No está mal, ¿no? Pero podemos mejorarlo. ¿Qué tal si aplicamos un poco de «cocina»? Digamos, por ejemplo, que eliminamos los cinco primeros años del intervalo y nos quedamos con los datos de 1995 a 2010. Tenemos la perfecta libertad de hacer esto, ya que el plazo de Seneff también es arbitrario: el glifosato comenzó a utilizarse en 1976, no en 1990. En nuestro caso, esto es lo que resulta:

Número de casos de autismo (en azul) frente a número de mujeres centenarias en Reino Unido (en rojo), de 1995 a 2010. Gráfico de elaboración propia.

Número de casos de autismo (en azul) frente a número de mujeres centenarias en Reino Unido (en rojo), de 1995 a 2010. Gráfico de elaboración propia.

Número de casos de autismo (en azul) frente a la facturación global de la industria turística en miles de millones de dólares (en rojo), de 1995 a 2010. Gráfico de elaboración propia.

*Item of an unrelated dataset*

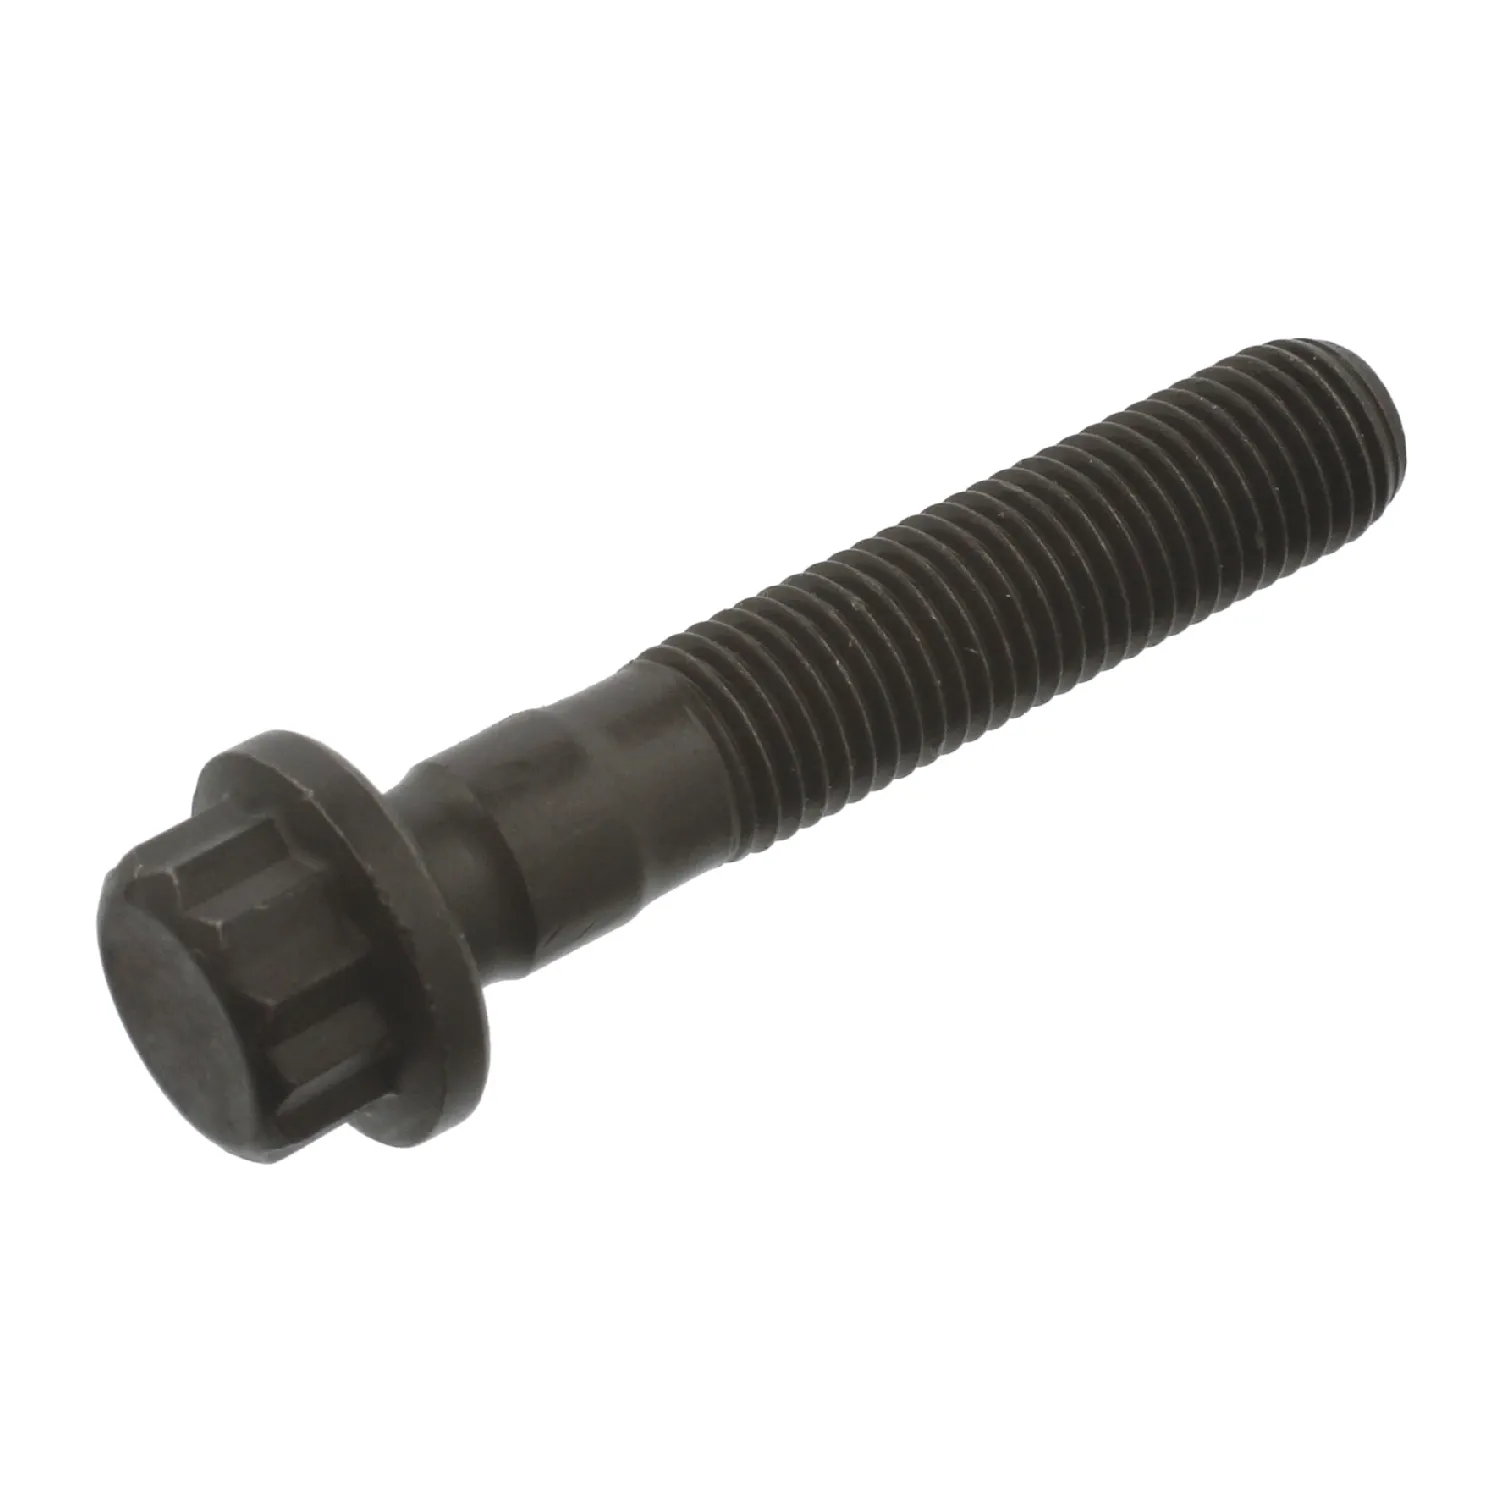 Connecting rod screw

Número de casos de autismo (en azul) frente a la facturación global de la industria turística en miles de millones de dólares (en rojo), de 1995 a 2010. Gráfico de elaboración propia.

Mucho mejor, ¿no? Así, ahora al glifosato hemos añadido al menos otras tres causas del autismo: la importación de petróleo en China, el aumento de la longevidad en las mujeres de Reino Unido y el crecimiento de la industria turística global. Ahora simplemente será tarea de los investigadores encontrar la manera de explicar cómo todos estos factores se alían para provocar el trastorno en los niños. Y en especial habrá que someter a un tercer grado a todas esas malévolas ancianas británicas para obligarlas a confesar en qué clase de terrible conspiración están involucradas.

Espero que nadie concernido con este trastorno neurológico sienta que estoy frivolizando sobre ello. Mi intención es justamente la contraria, denunciar la frivolización que Seneff y otros personajes como ella realizan alegremente sin ningún respeto a la preocupación de los afectados. Más allá de las proclamas estrambóticas de Seneff, el atrevimiento de esta señora al afirmar que «al ritmo actual, en 2025 uno de cada dos niños será autista» rebasa la barrera de la excentricidad para entrar en el terreno de la peligrosa irresponsabilidad. Y aunque tales casos estén fuera de la competencia de los tribunales ordinarios, las instituciones científicas no deberían permanecer impávidas ante los charlatanes ávidos de notoriedad que no hacen otra cosa sino sembrar confusión y cebarse en el dolor ajeno.